Error in runStandardLimmaDEA(voom.results, contrast, logFC.cutoff, fdr.cutoff) : 
  is(voom.results, "EList") is not TRUE
Googling this error but didn't find any helpful information. Seem fit2 is not an appropriate parameter in this case. Seem I need Large EList object to run but don't know how to get it. Monther Alhamdoosh haven't online on this forum for 5 years, so hope anyone ran this tool successful can help.
 Thank you so much!
                        Thanks James! I update the question. The last question mean when we use buildIdx(), could we use gene symbol instead of entrezID. However, I decide to use entrezID as the vignettes for simplicity.

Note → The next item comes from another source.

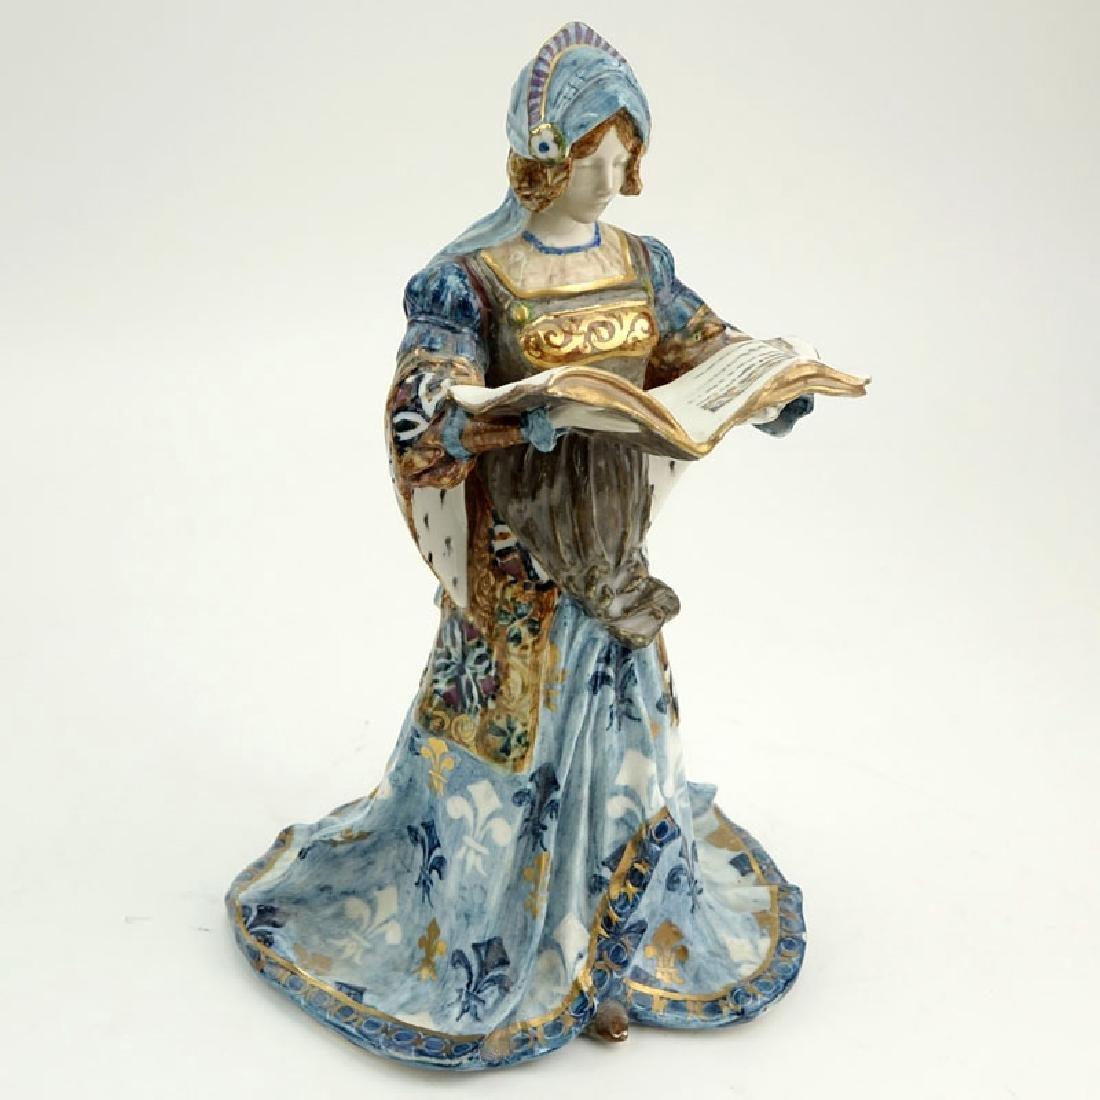 Antique Aloys, French (19th Century) Art Nouveau Glazed

https://www.bioconductor.org/packages/release/bioc/vignettes/EGSEA/inst/doc/EGSEA.pdf
Yes, it is microarray data and I try egsea() first, egsea.ma() use different input.
                        I tried egsea.ma and got this error:
gsa = egsea.ma(numeric_matrix, vector_group, probe_annotation, contrasts = contrast_matrix, gs.annots = gs.annots, baseGSEAs = baseMethods, sort.by = "avg.rank", num.threads = 4, report = FALSE)
Error in dimnames(x) <- dn : length of 'dimnames' [2] not equal to array extent
It is hard to know which parameter is not correct in this case.